→ WORK ORDER: Copy word for word the lines of the records below, beginning at the one with "Spectacular bright stylish" and finishing at the one with "Grass Pokémon Wallpapers", ends included, but none of the pictures.

→ RECORDS TO USE:
************

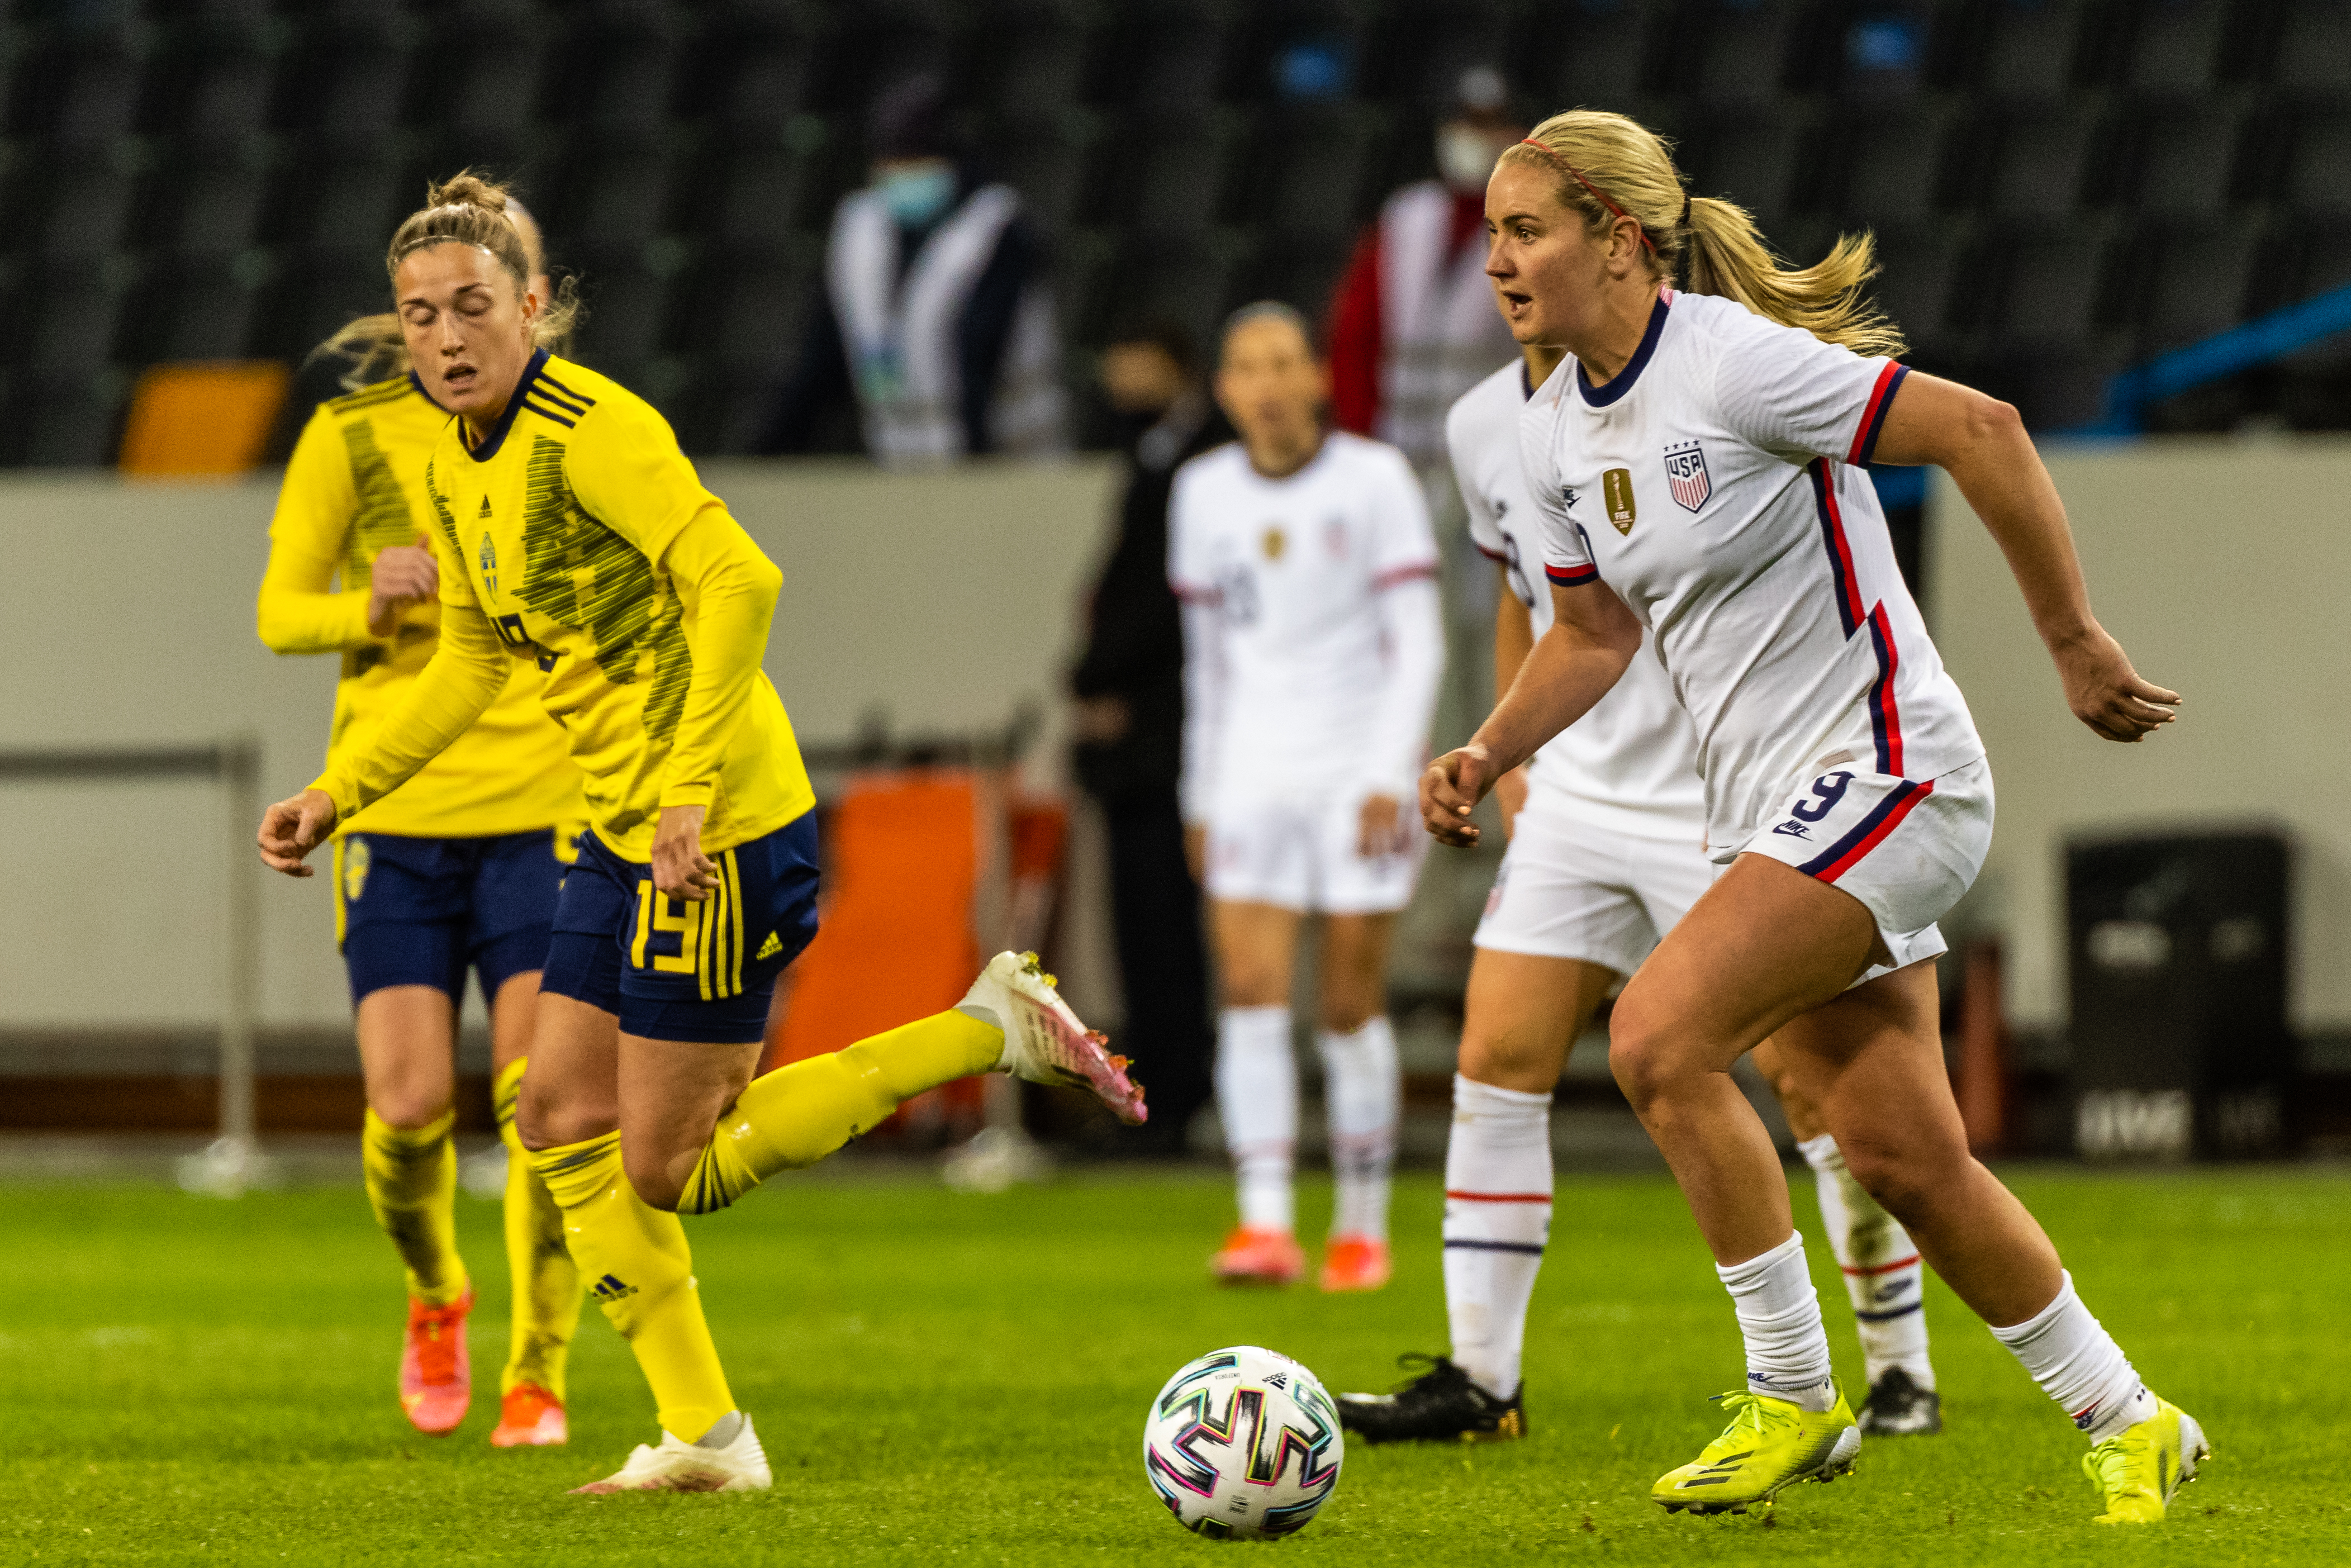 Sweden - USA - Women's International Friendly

************

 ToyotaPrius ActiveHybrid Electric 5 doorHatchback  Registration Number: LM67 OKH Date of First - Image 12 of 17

************

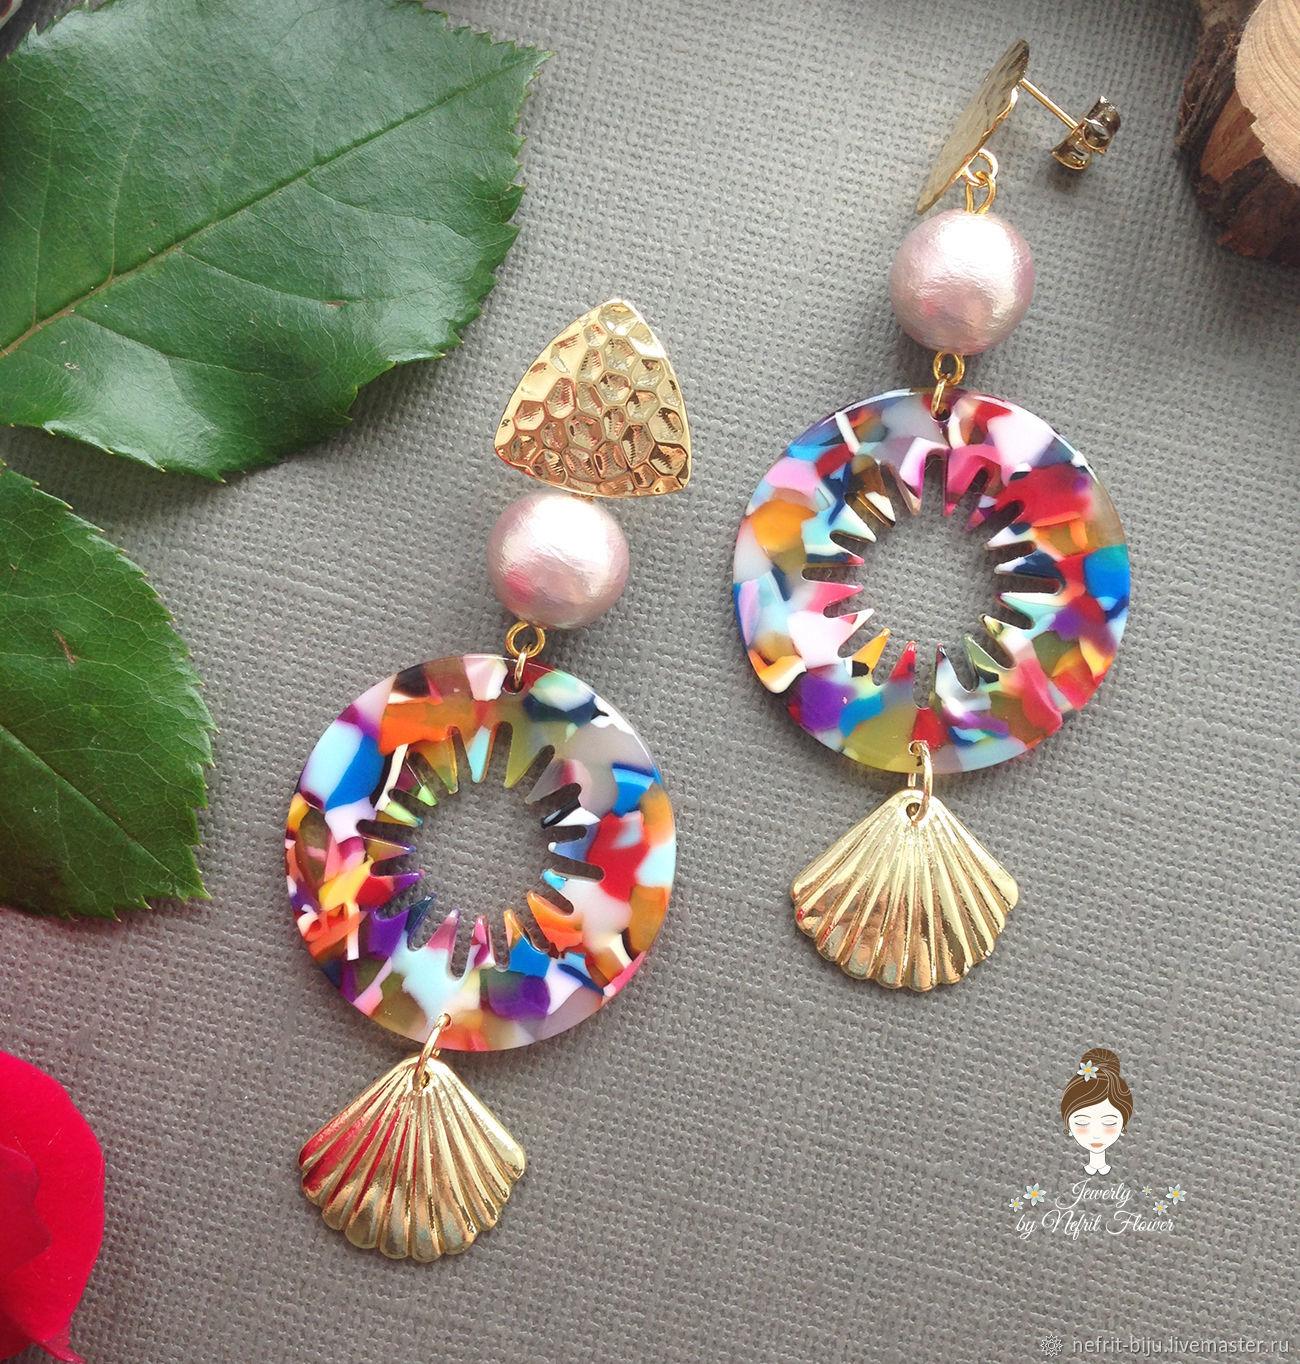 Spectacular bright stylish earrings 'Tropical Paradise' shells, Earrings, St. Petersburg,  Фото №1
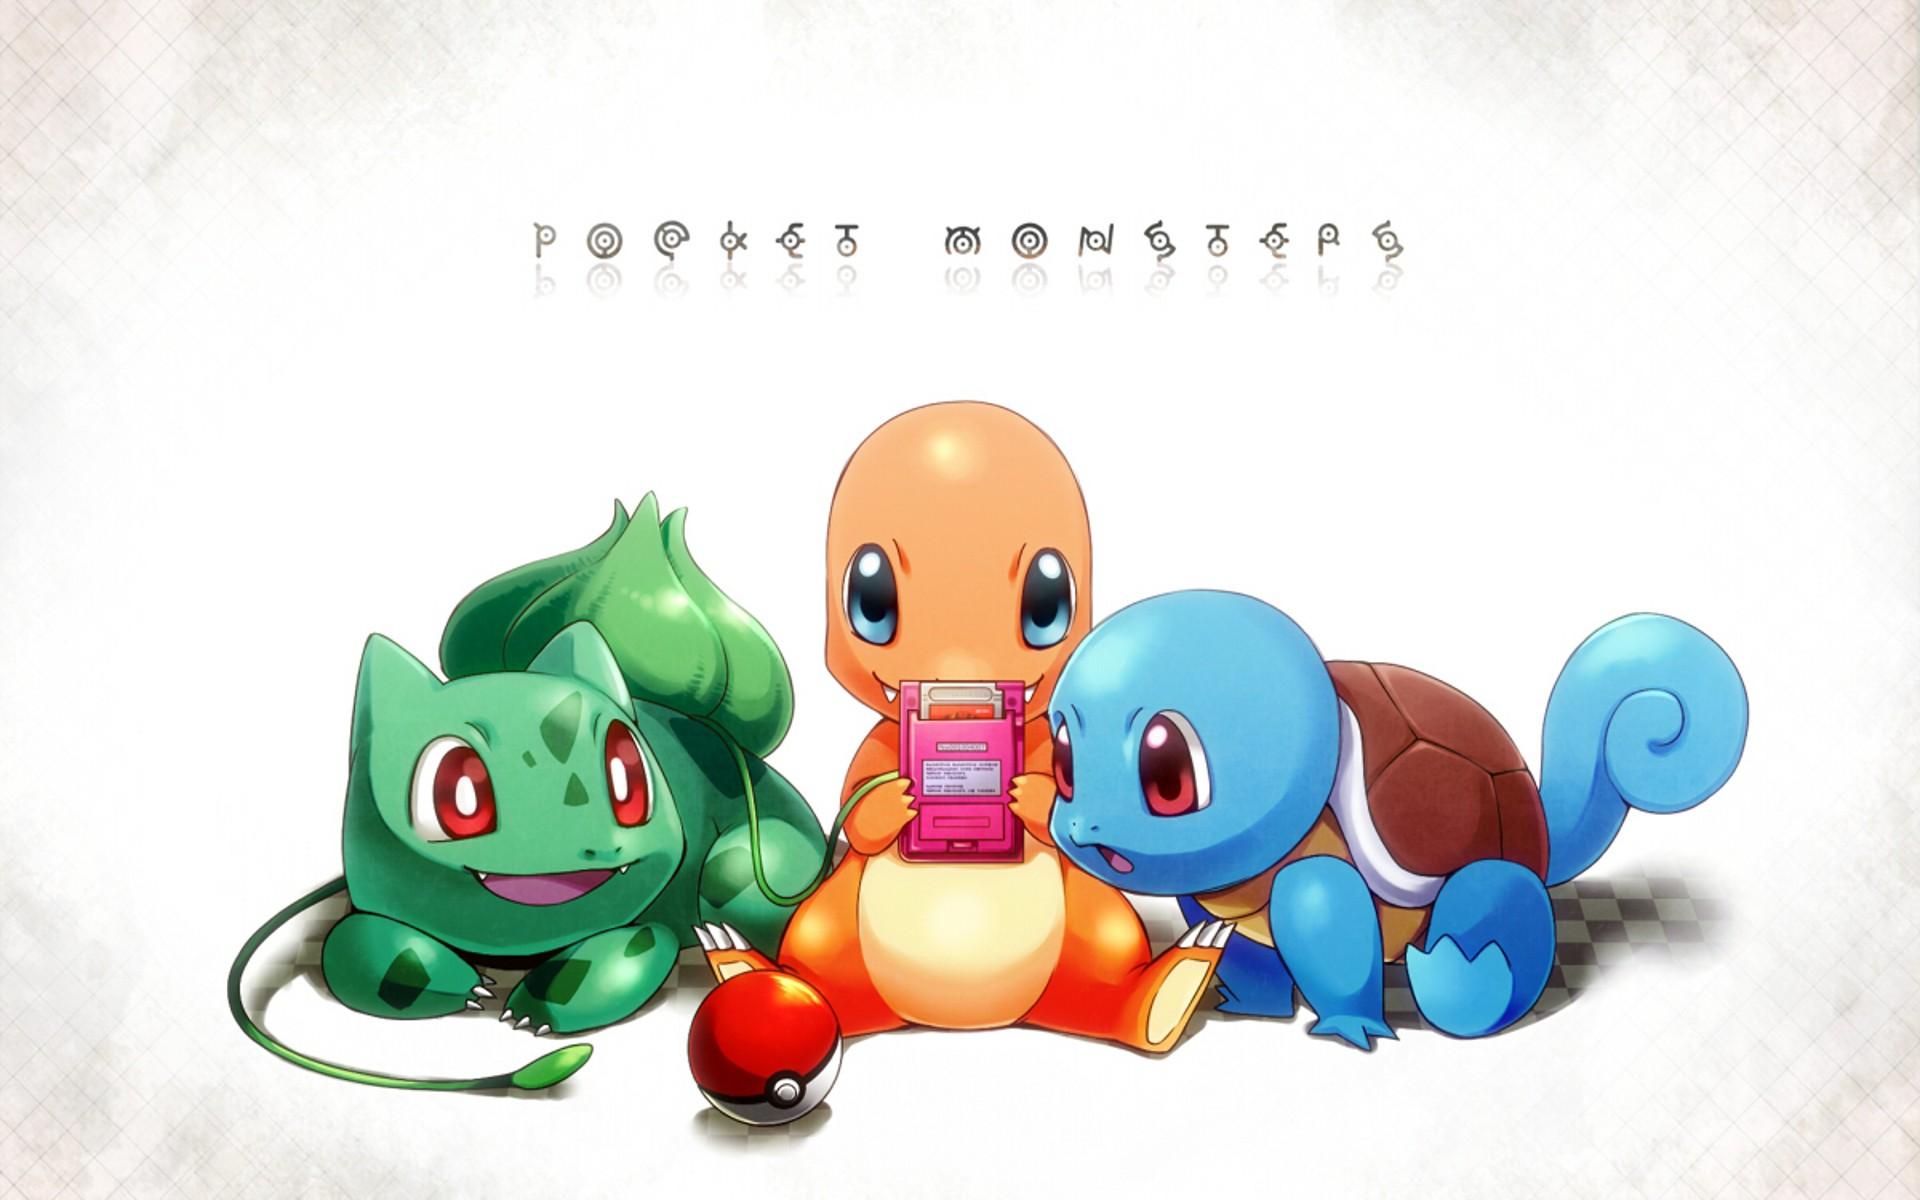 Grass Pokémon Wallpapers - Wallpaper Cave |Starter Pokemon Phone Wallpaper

************

→ ANSWER SPACE:
 Spectacular bright stylish earrings 'Tropical Paradise' shells, Earrings, St. Petersburg,  Фото №1
 Grass Pokémon Wallpapers - Wallpaper Cave |Starter Pokemon Phone Wallpaper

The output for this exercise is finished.